Published October 17, 2013
BEIJING – China's economic growth rebounded in the latest quarter, easing pressure on communist leaders for more stimulus and allowing them to focus on longer-term reforms.
The world's second-largest economy grew by 7.8 percent over a year earlier in the three months ending in September, boosted by higher government spending, data showed Friday. That was up from a two-decade low of 7.5 percent the previous quarter.
"The fundamentals of China's economy are turning for the better," said a National Bureau of Statistics spokesman, Sheng Laiyun, at a news conference.
The improvement eases pressure on communist leaders who say their priority is longer-term reforms aimed at steering the economy to slower, more sustainable growth based on domestic consumption instead of exports and investment.
The abrupt drop in global demand for Chinese goods prompted them to backtrack temporarily and launch a mini-stimulus of higher spending on railway construction and other public works to prop up growth and avoid politically dangerous job losses.
Communist leaders are due to meet in November to craft an economic development blueprint that reform advocates hope will include market-opening and more financial support to private entrepreneurs.
The country's top economic official, Premier Li Keqiang, said earlier Beijing would try to keep growth above 7.5 percent. That is far above levels forecast for the United States, Europe and Japan but barely half of 2009's 14.2 percent growth.

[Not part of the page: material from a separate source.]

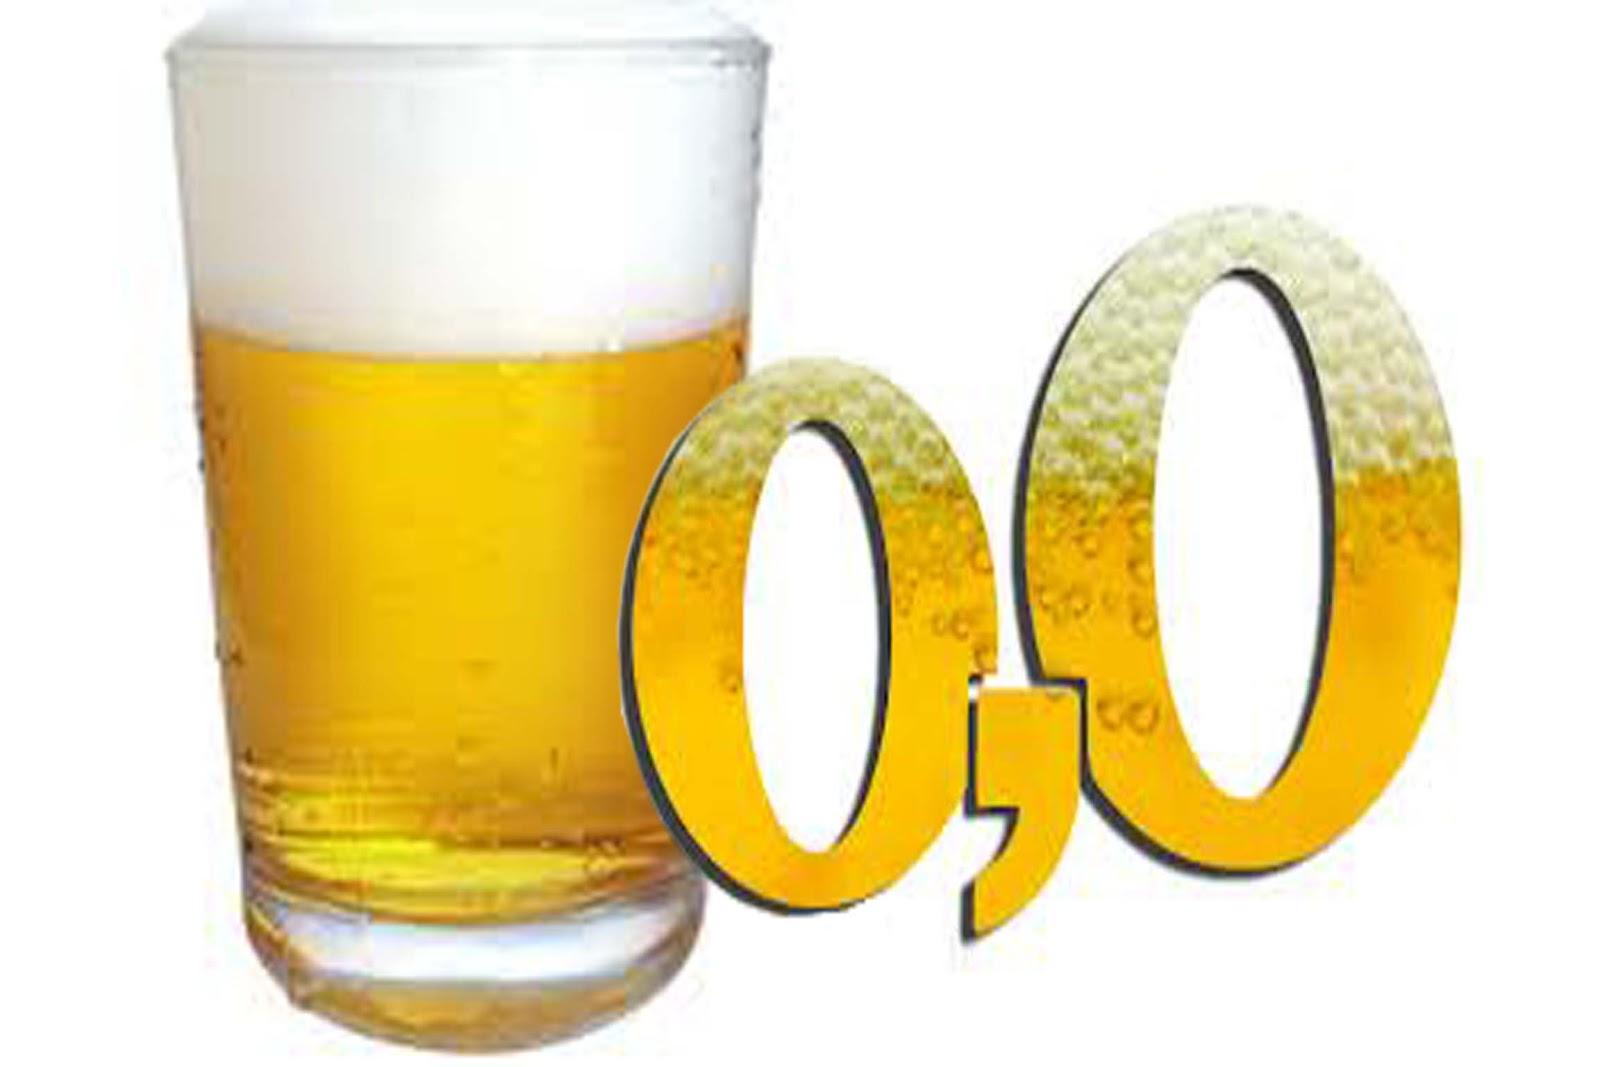 Cerveza, 10 razones para tomarla

Analysts have warned the rebound might not last because growth depends on government spending. Global demand is weak and Chinese consumer spending is growing more slowly than Beijing wants.
"China's economy rebounded in the third quarter because of the government's stimulus measures," said Moody's Analytics economic Alaistair Chan in a report.
The deceleration of China's economy is denting revenues for suppliers of commodities and industrial components such as Australia, Brazil and Southeast Asia. Lower Chinese demand already has depressed prices for iron ore and other raw materials.
Friday's data highlighted the economy's heavy reliance on government-led investment and the weakness of trade.
Spending on factories and other fixed assets contributed 55.8 percent of the latest quarter's growth, or 4.3 percentage points of the 7.8 percent expansion, according to Sheng. Domestic consumption was 45.9 percent of growth, or 3.7 percentage points of the total.
Trade was so weak that its contribution to overall growth was negative, according to Sheng, and detracted 0.1 percentage point from the quarter's growth rate.
September exports suffered a rare and unexpectedly sharp decline of 0.3 percent, falling short of forecasts. Surveys of manufacturers show September activity barely expanded.
The International Monetary Fund is forecasting Chinese growth this year of 7.6 percent, which would be the weakest performance since the early 1990s. Some private sector analysts have cut their growth forecasts for next year to below 7 percent.
In an apparent effort to lower expectations, Finance Minister Lou Jiwei said in June that growth as low 6.5 percent might be acceptable.
In a positive sign for the ruling party, Sheng said the economy created 10 million jobs in the first three quarters of the year.
Factory output in September rose 10.2 percent from a year earlier, up 1.1 percentage points from the first half's growth rate, according to statistics bureau data.
Growth in fixed asset investment rose 20.2 percent in the first three quarters of the year, compared with 20.1 percent for the first half, the data showed. Retail sales also accelerated, rising 13.3 percent in September, up from a 12.9 percent growth rate for the first three quarters.